▸ **Dataset excerpts**
========

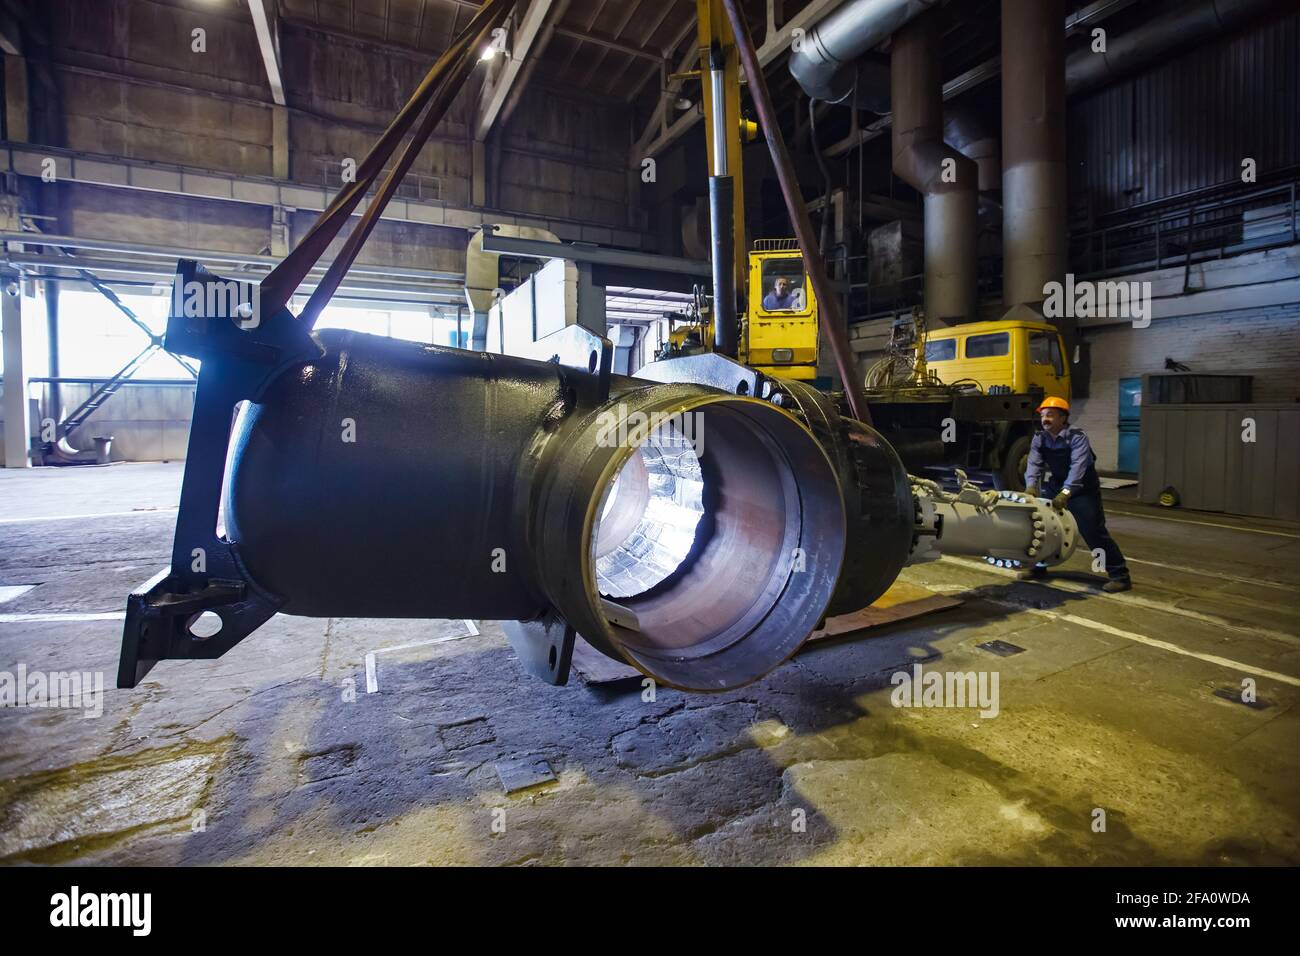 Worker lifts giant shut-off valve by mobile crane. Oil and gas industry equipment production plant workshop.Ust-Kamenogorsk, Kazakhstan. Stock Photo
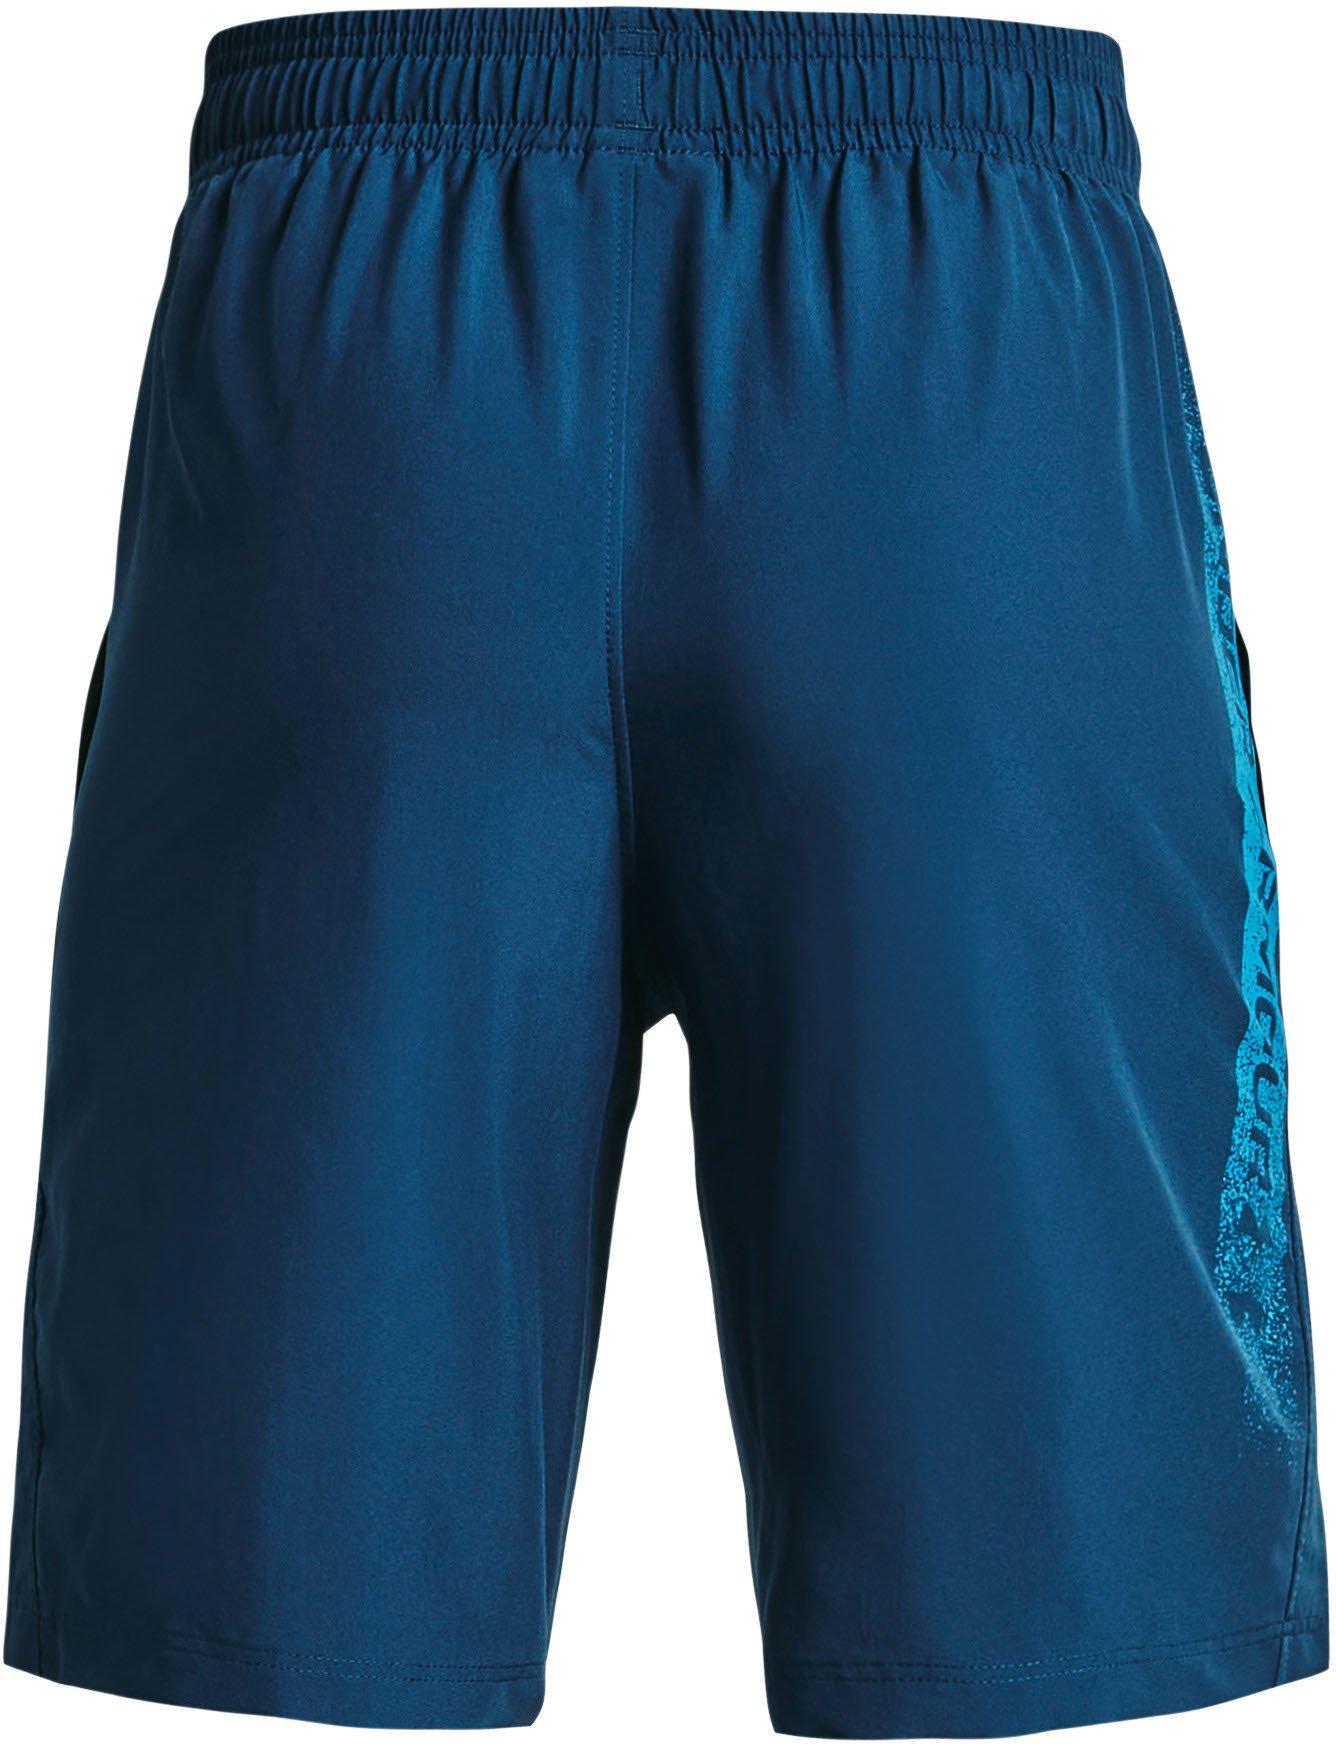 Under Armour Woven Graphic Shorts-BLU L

========

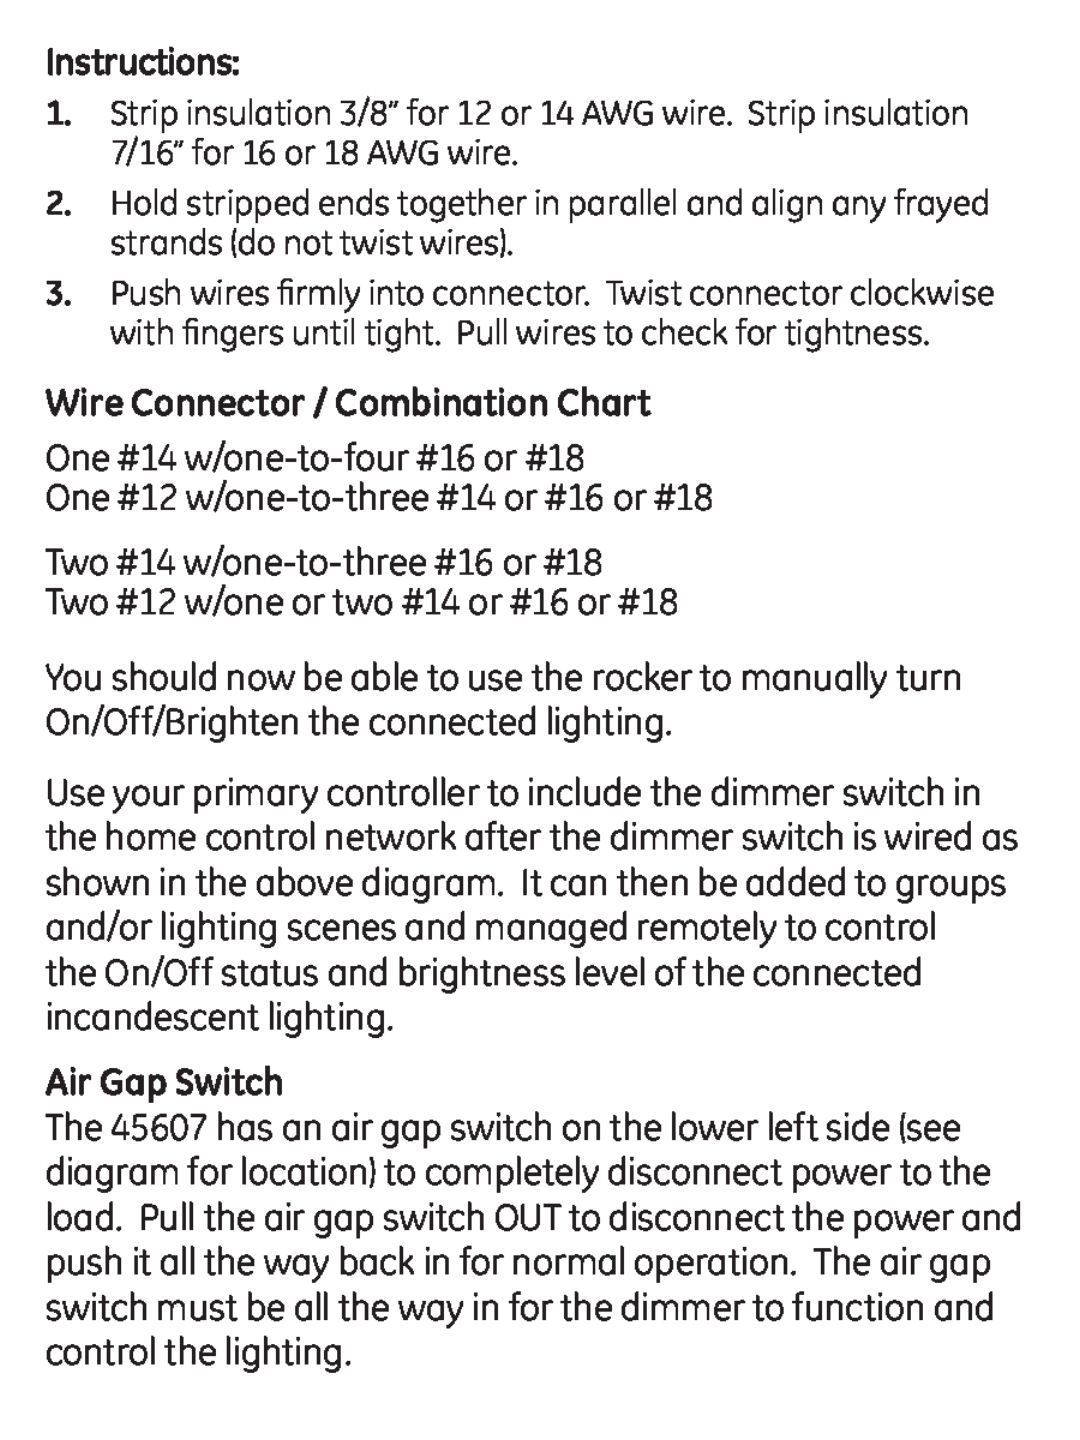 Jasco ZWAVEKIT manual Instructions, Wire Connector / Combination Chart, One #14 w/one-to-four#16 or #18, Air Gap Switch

========

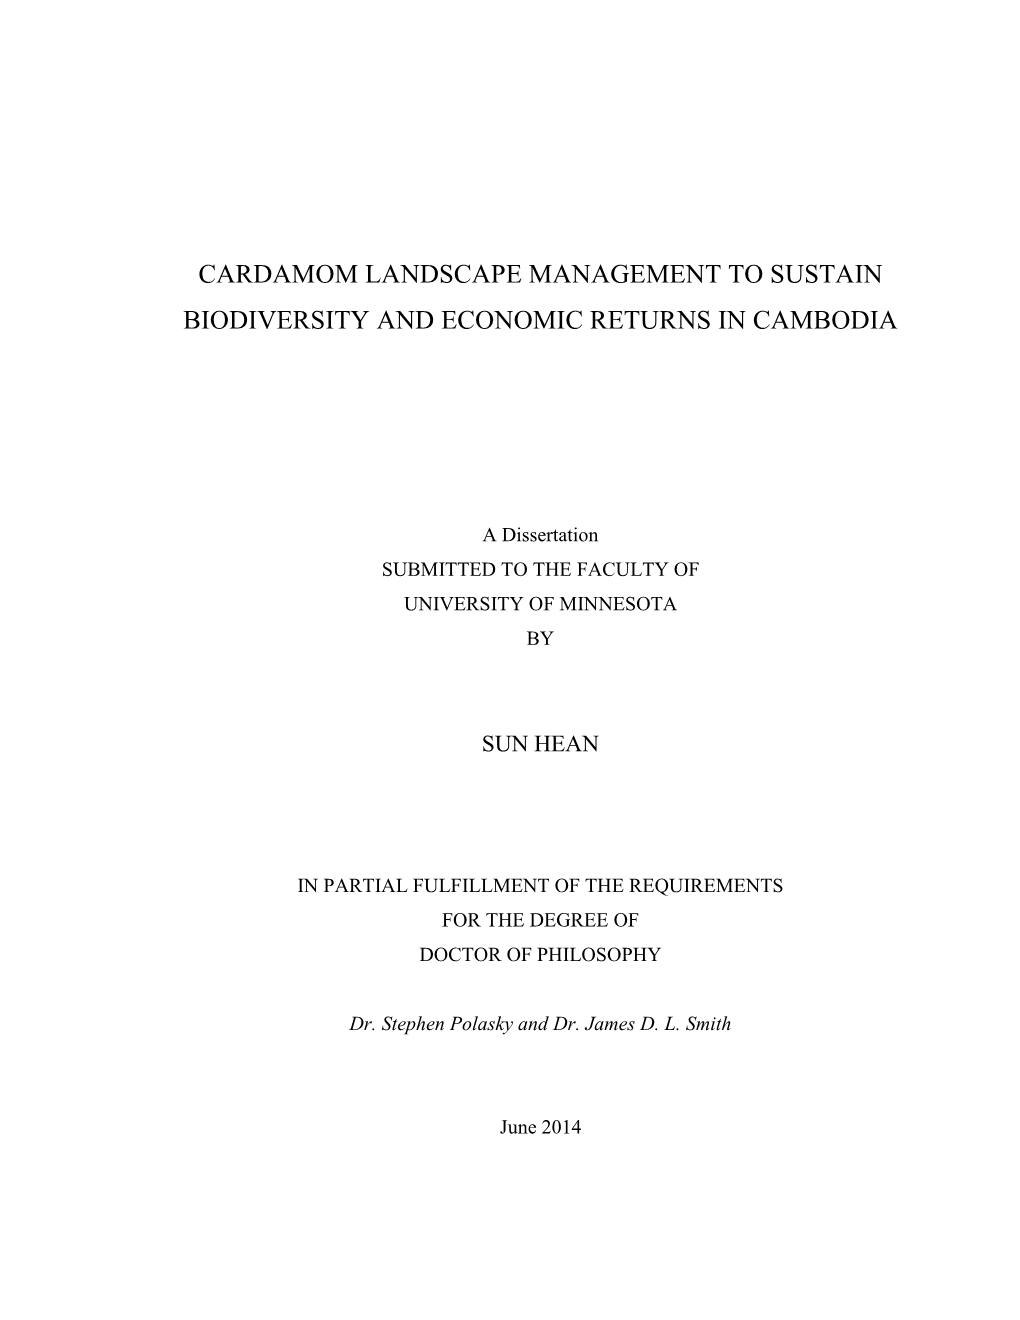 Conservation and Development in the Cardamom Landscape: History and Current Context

========

▸ **What is required**
Print the line above containing "Worker lifts giant", the line containing "Under Armour Woven Graphic Shorts-BLU L", and everything between them, exactly as written. Pictures stay out.

▸ **Answer for this exercise**
 Worker lifts giant shut-off valve by mobile crane. Oil and gas industry equipment production plant workshop.Ust-Kamenogorsk, Kazakhstan. Stock Photo
 Under Armour Woven Graphic Shorts-BLU L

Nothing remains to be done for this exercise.